The electron-phonon interaction is key to some of the most intriguing and technologically important phenomena in condensed matter physics, ranging from superconductivity to charge density waves, electrical resistivity, and thermoelectricity. Starting from the late nineties first-principles calculations of electron-phonon interactions in metals have become increasingly popular, mainly in connection with the study of conventional superconductors and with the interpretation of angle-resolved photoemission experiments. In contrast, progress on first-principles calculations of electron-phonon interactions in insulators has been comparatively slower. This delay is arguably due to the conventional wisdom that the signatures of electron-phonon interactions in semiconductor band structures are so small that they fall within the error bar of the most accurate electronic structure calculations. In order to fill this gap we developed, within the context of state-of-the-art density-functional techniques, a theory proposed by Allen and Heine for calculating the temperature dependence of band gaps in semiconductors [P. B. Allen, V. Heine, J. Phys. C: Solid State Phys. 69, 2305 (1976)]. This methodology allows us to calculate both the temperature dependence of the quasiparticle energies and the renormalization due to zero-point quantum fluctuations. In order to demonstrate this technique an application to the intriguing case of diamond will be discussed [F. Giustino, S. G. Louie, M. L. Cohen, Phys.

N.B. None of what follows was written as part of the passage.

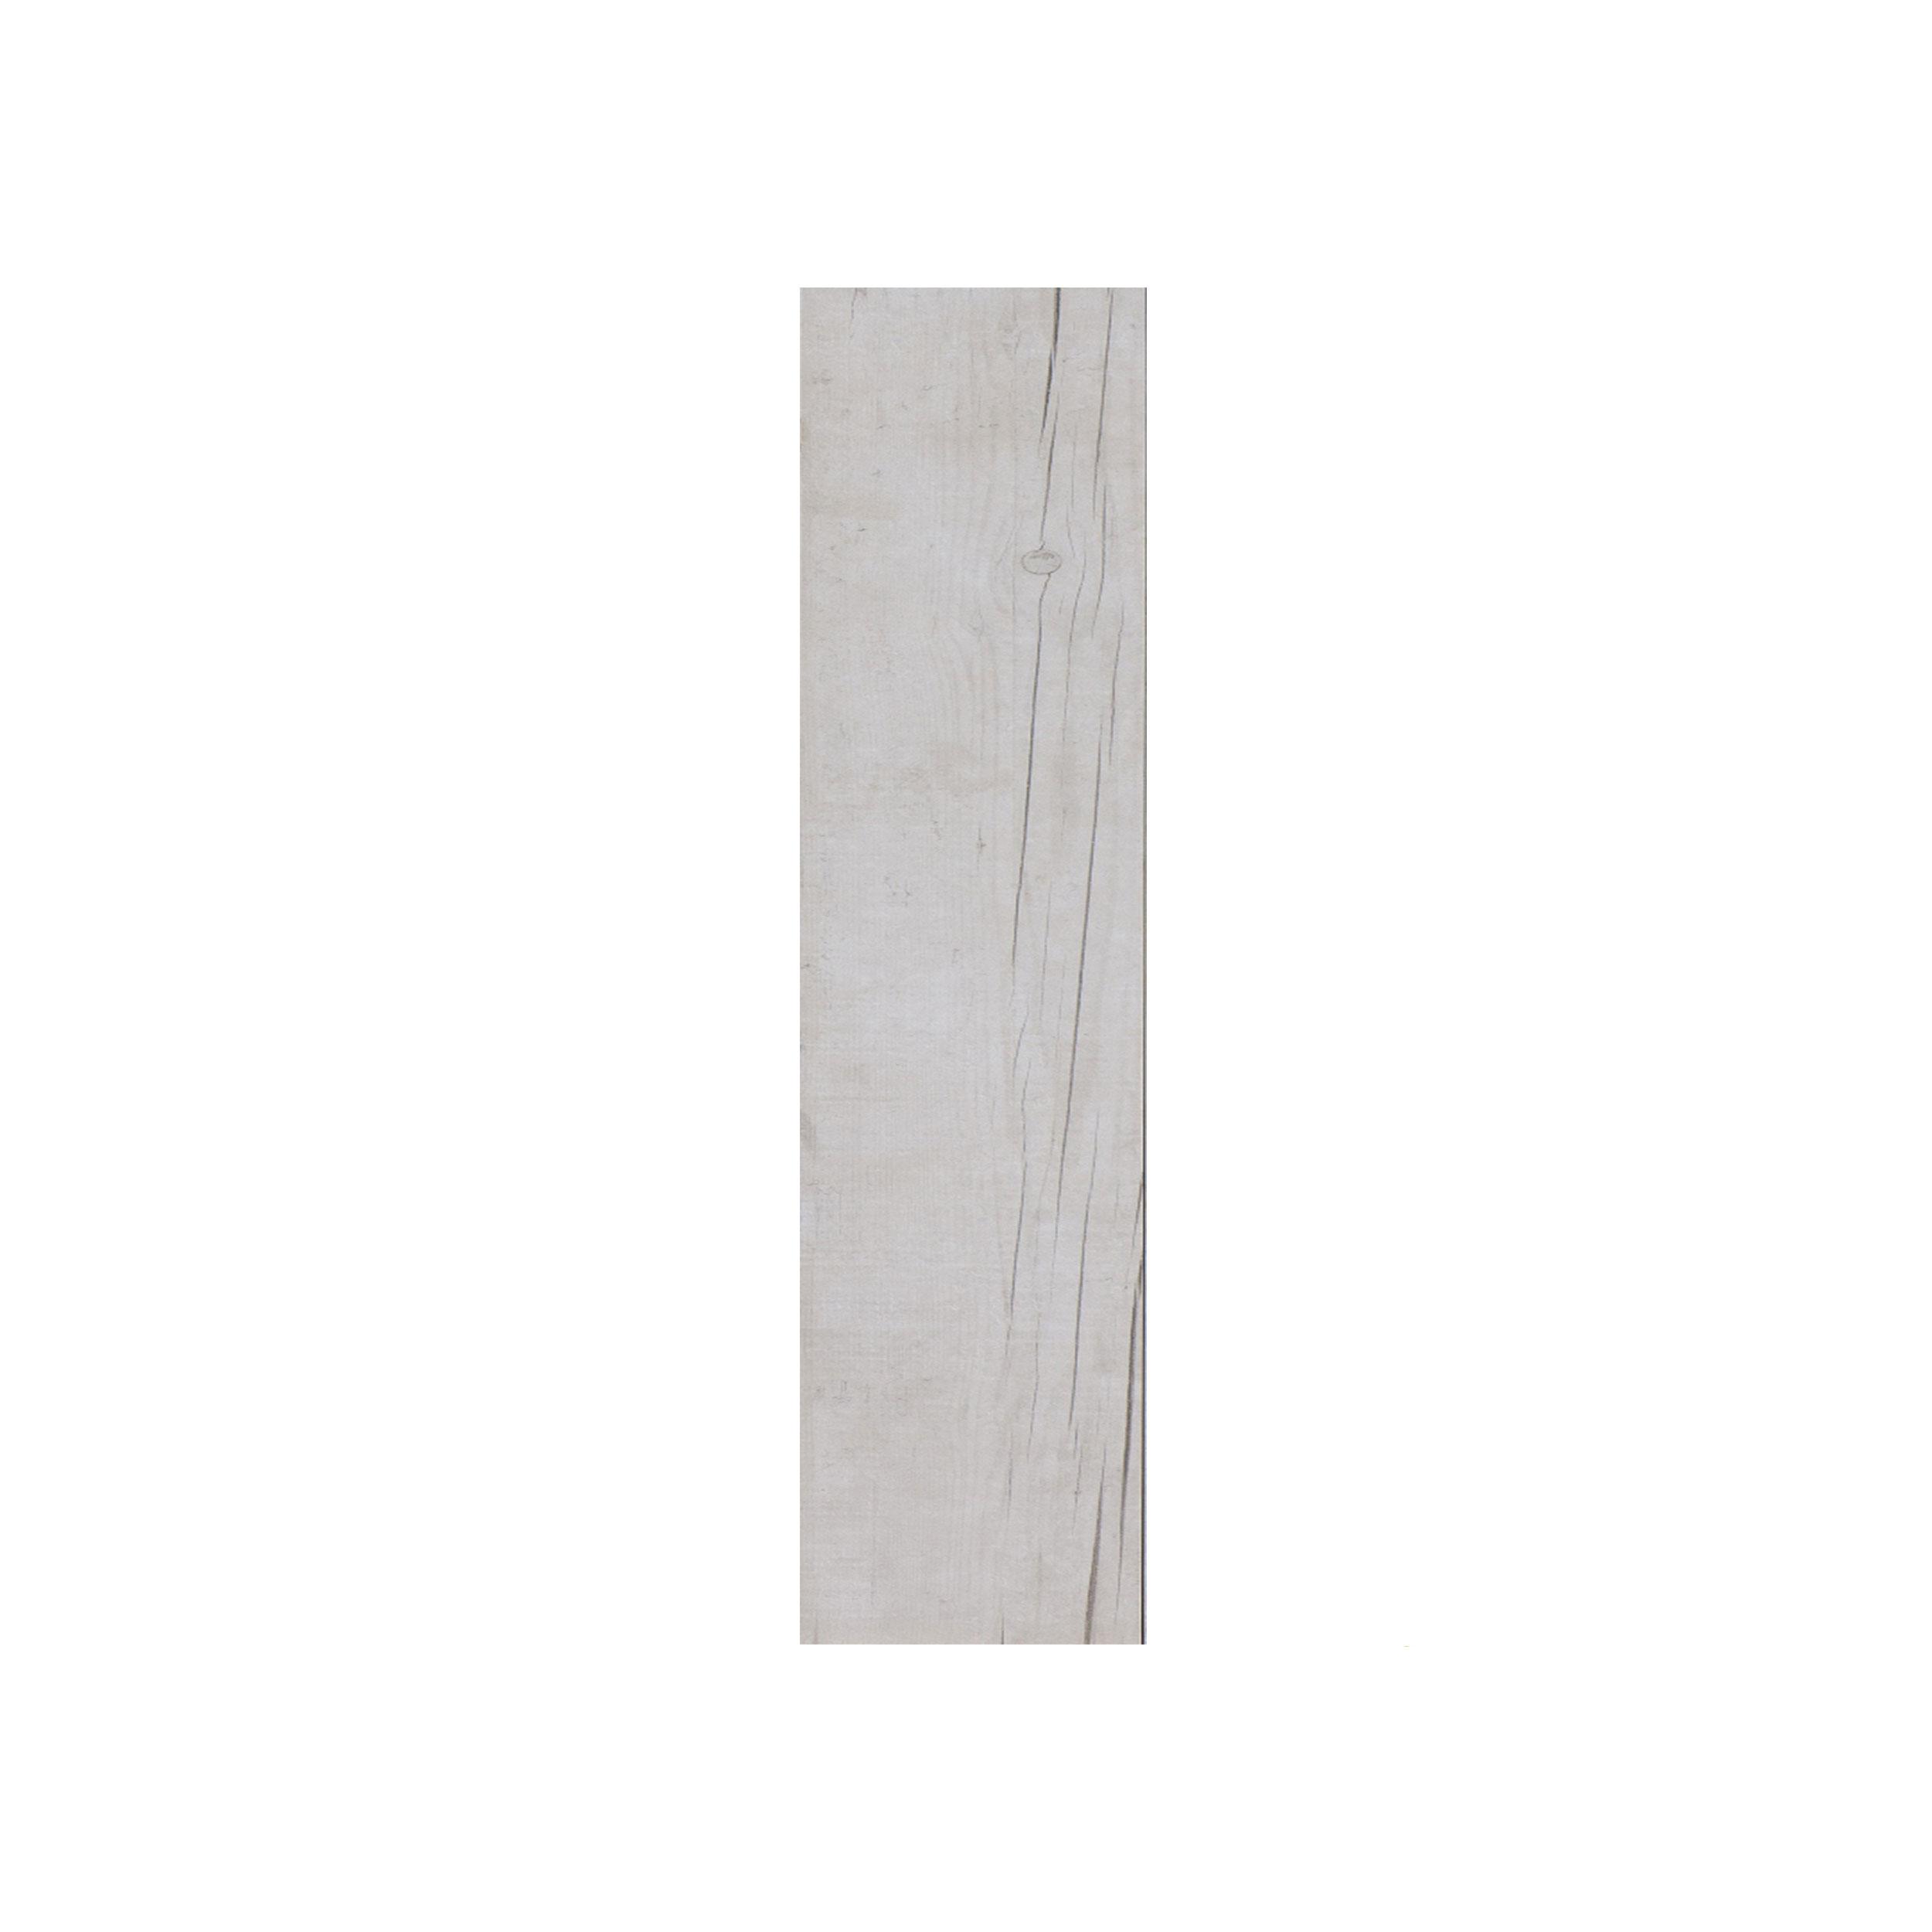 COTTO กระเบื้องปูพื้นและผนัง (คอตโต้) 6x36 นิ้ว (15x90ซม.) GT737573

Rev. Lett. 105, 265501 (2010)]. In this case the calculated temperature dependence of the direct band gap agrees well with spectroscopic ellipsometry data, and the renormalization due to the electron-phonon interaction is found to be spectacularly large ($>$0.6 eV). This unexpected finding might be only the tip of the iceberg in a research area which remains largely unexplored and which, from a first glimpse, appears rich of surprises.